Millennium Bug lessons: Stop Brexit stockpiling
UK manufacturers are stockpiling raw materials at the highest rate since figures were first collected 27 years ago.
While it might look like a sensible response to uncertainty, this kind of Brexit anxiety will have long-term implications for supply chains and for the UK economy as a whole, regardless of what happens in the negotiations. “Demand amplification” is a recognised phenomenon in the logistics world – and we have direct evidence to show why it’s a problem.
Businesses and politicians appear to have short memories when it comes to stockpiling. Just 20 years ago, the UK saw a similar nervousness over the fragility of supply chains in the run-up to 2000 – the “Millennium Bug” – if global IT systems were disrupted or even failed.
At Cranfield, we carried out work to look into stockpiling plans and model what they would actually mean in practice.
For individual organisations, based on an average 12.5 per cent planned increase in stocks, there was the sudden burden of “dead money”. Finances invested in stock limited the ability to grow.

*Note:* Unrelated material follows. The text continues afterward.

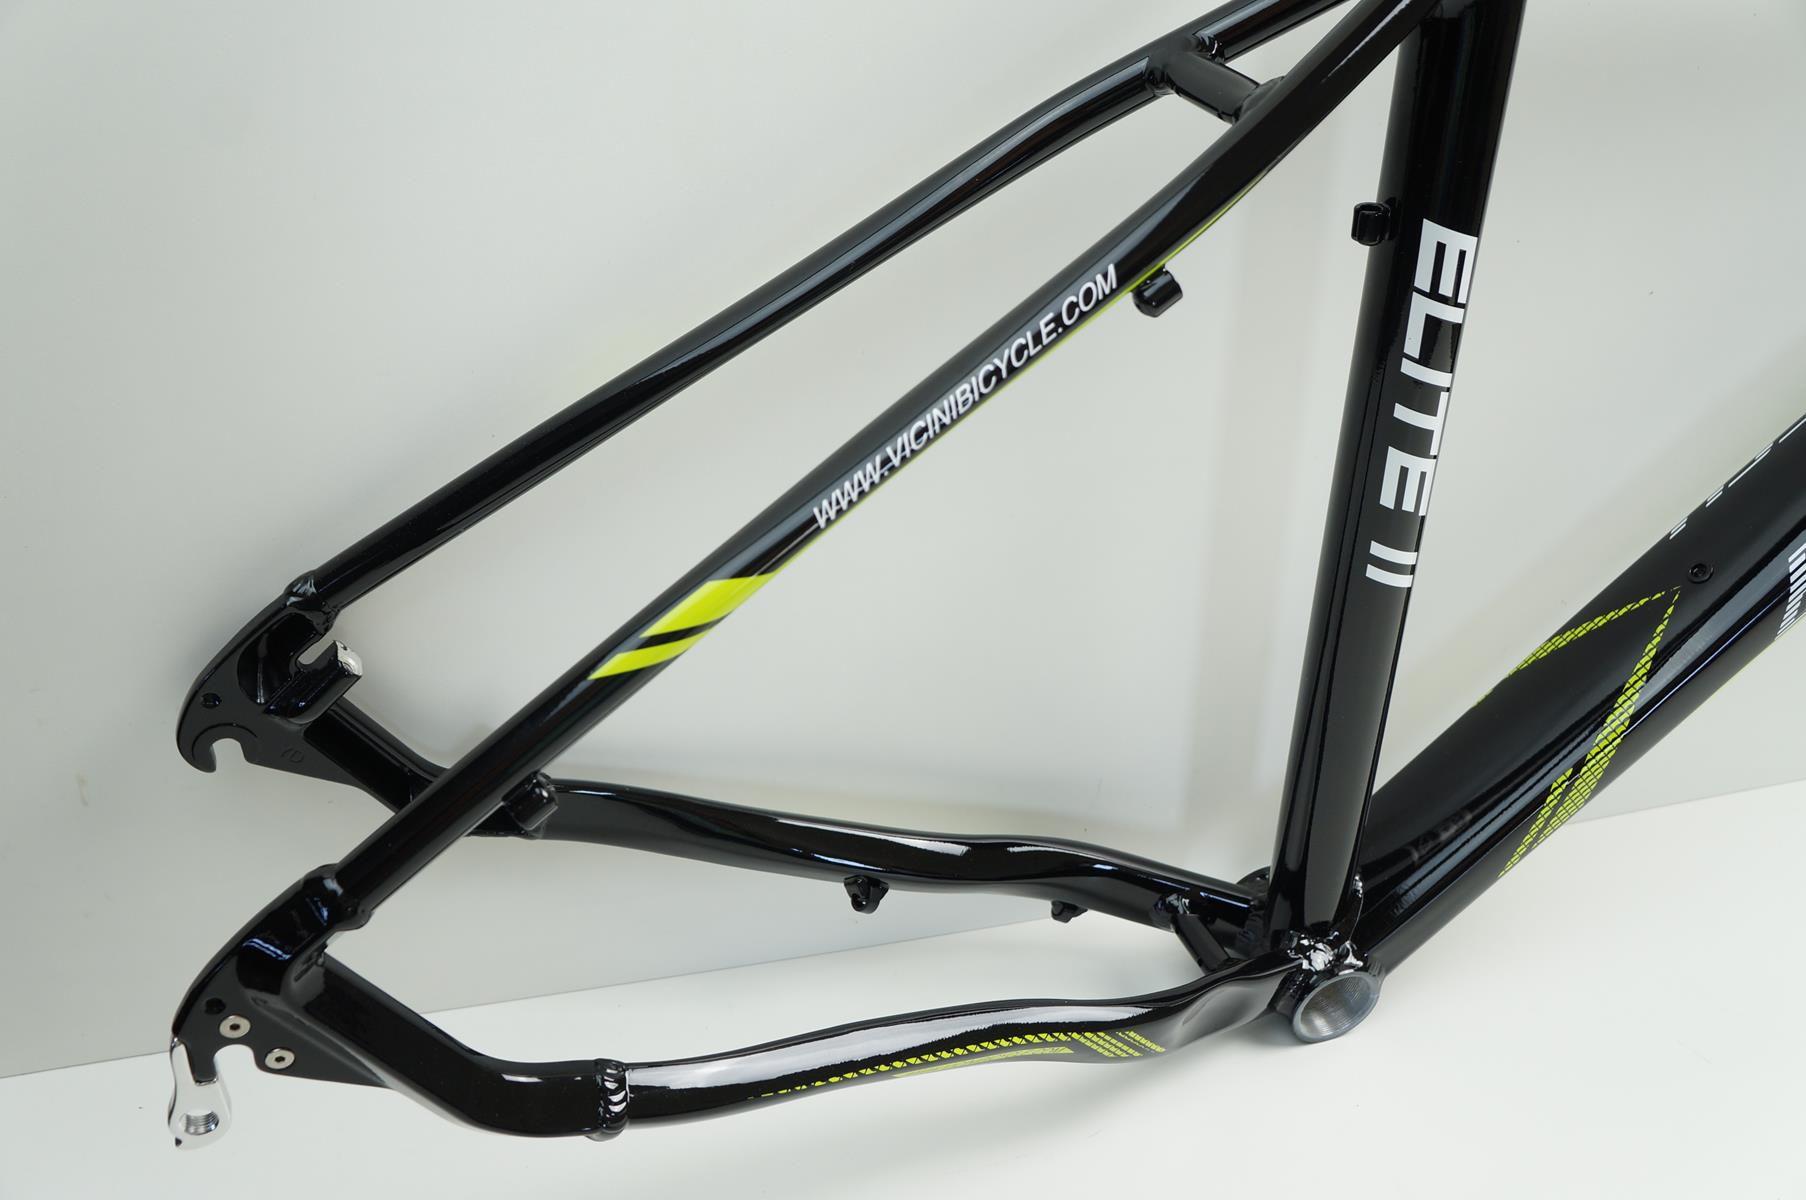 Quadro Bicicleta MTB Ballistech Elite II Aro 29 Preto Brilhante em Aluminio 2019

Looking at real accounts, a retailer’s growth prospects were reduced by more than one per cent, while the wholesaler and manufacturer were pushed back into a “minus” growth situation. In other words, wasteful investment increases the risk of business failures.
Even small increases in customer demand result in large variations being transmitted down the supply chain. A cycle of over-ordering and stockpiling leads to demand distortion, and any further over-ordering contributes to the amplification.

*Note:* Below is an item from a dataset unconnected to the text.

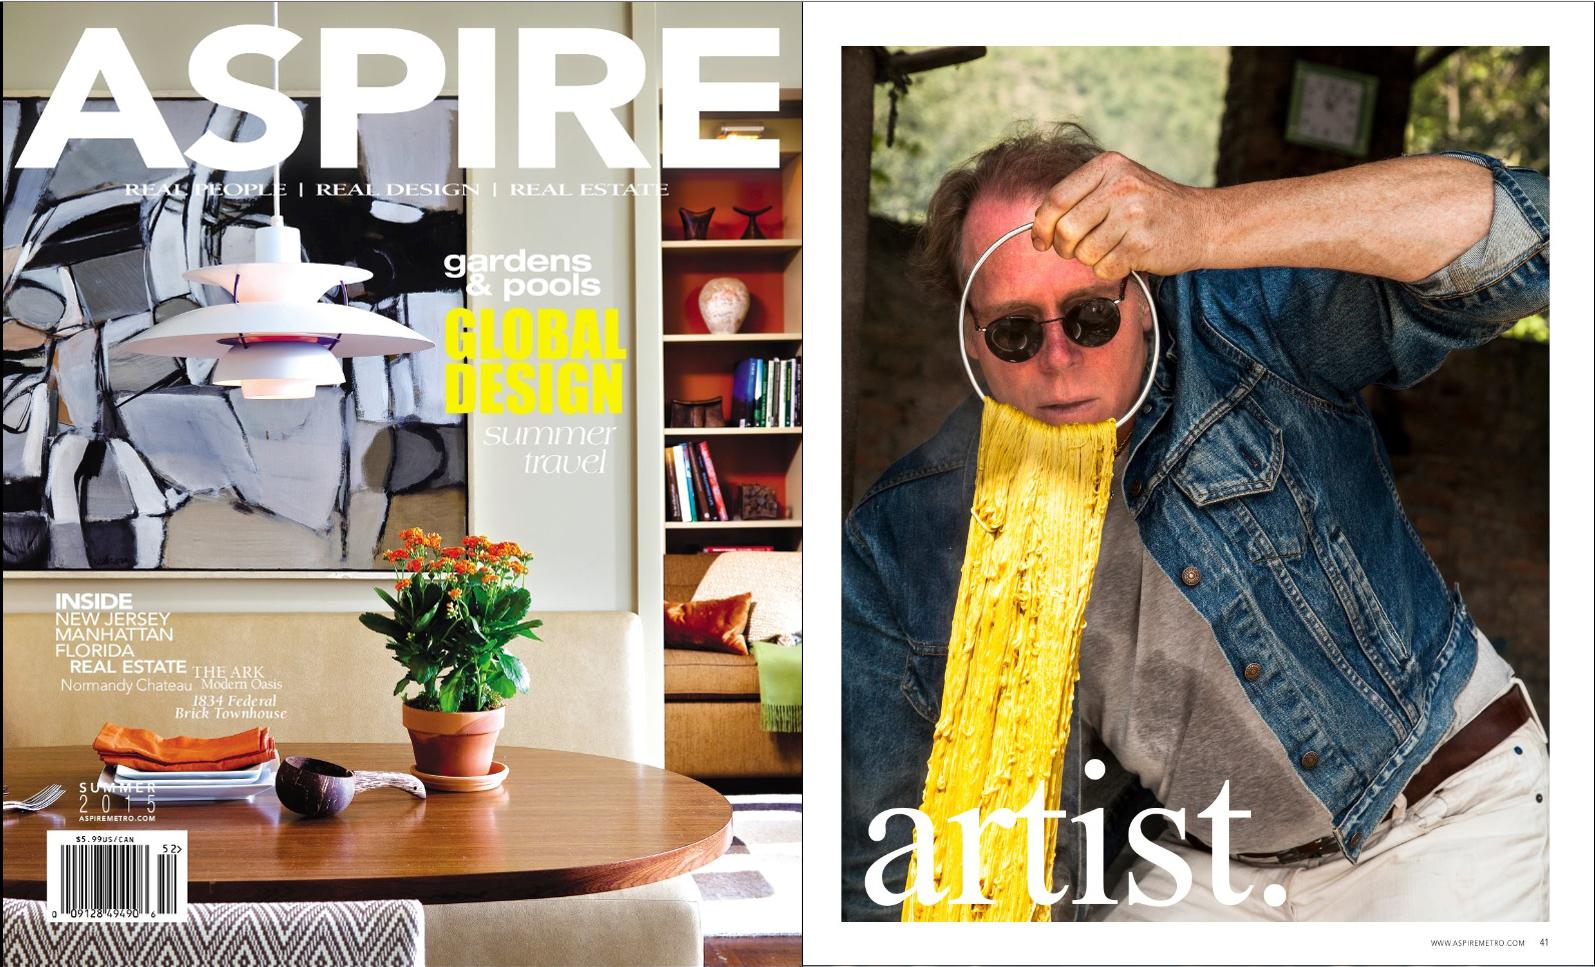 Aspire Magazine Press_Website image.jpg

Typically, a demand increase of 12.5 per cent will more than double when passed onto a supplier, to 26 per cent, resulting in that supplier placing an increased order for their own supplier of 55 per cent.
This means that big oscillations in inventories and supplies can occur for many years into the future. For the economy as a whole, there’s the danger of boom and bust cycles until the distortion works its way out of the system.
Meanwhile, the increased costs put more strain onto the smaller firms – at a time when more businesses choose larger supplier partners.
We also need to be careful when looking at the figures for UK GDP. That modest growth which seems to show a nation in better shape than the rest of the EU might well be a mirage for the moment, just the effect of stockpiling, to be followed by a steep fall off in demand.
In 1999, we were called in by the Department for Trade and Industry to calm industry nerves, explaining that stockpiling could cause worse problems than the bug itself.
Now, the government is encouraging (or at least not discouraging) stockpiling as a precaution. Perhaps politicians are trying to increase public concern for a no-deal Brexit, or maybe they’re misguidedly trying to be prepared. Either way, this is an issue of responsibility.
Organisations and individuals need to look at stockpiling with their eyes wide open. It might be a useful precaution in some cases, but understand the risks. We need more conversations across supply chains to help increase certainty and trust, to determine what’s necessary and what’s overreaction.
Otherwise stockpiling could be a bigger problem for Britain than even the most chaotic Brexit.